Research Proposal Title: 

Functional investigation of Brain Mechanisms underlying Sensorimotor Gating altered by Psychiatric Disorders

Research: 

Dr. Fenelon’s team will investigate the brain circuits and celular mechanisms by which sensorimotor gating occurs. Sensorimotor gating is a fundamental brain mechanism that, if reduced, is associated with and often predictive of attention impairment, cognitive overload and motor problems. In humans and translational models, the behavioral test to study sensorimotor gating is called prepulse inhibition (PPI).
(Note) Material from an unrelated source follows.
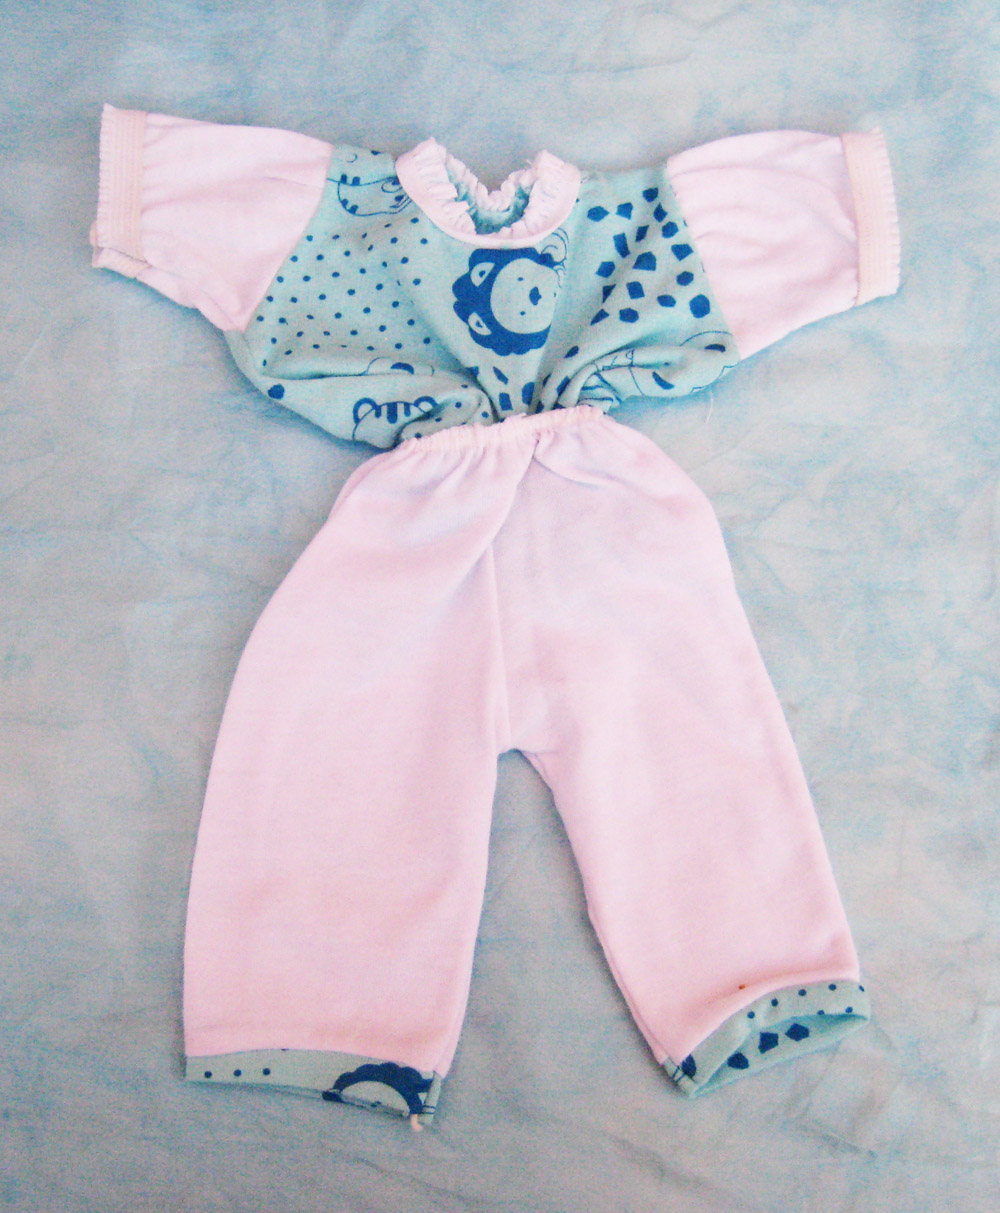 pijama-azul-claro-para-muneco-waldorf

PPI occurs when a weak stimulus is presented prior to an alarming stimulus reduces the startle response to this alarming stimulus. Reduced PPI is a hallmark of schizophrenia but is also seen in other neurological and psychiatric disorders. Therefore, PPI is a behavioral paradigm that can indicate impairment of sensorimotor gating associated with neurological and psychiatric disorders. Results for these experiments will lead to the identification of brain cells and pathways underlying PPI deficits linked to neurological diseases as promising drug targets that could be stimulated in patients that are unresponsive to current pharmaceuticals.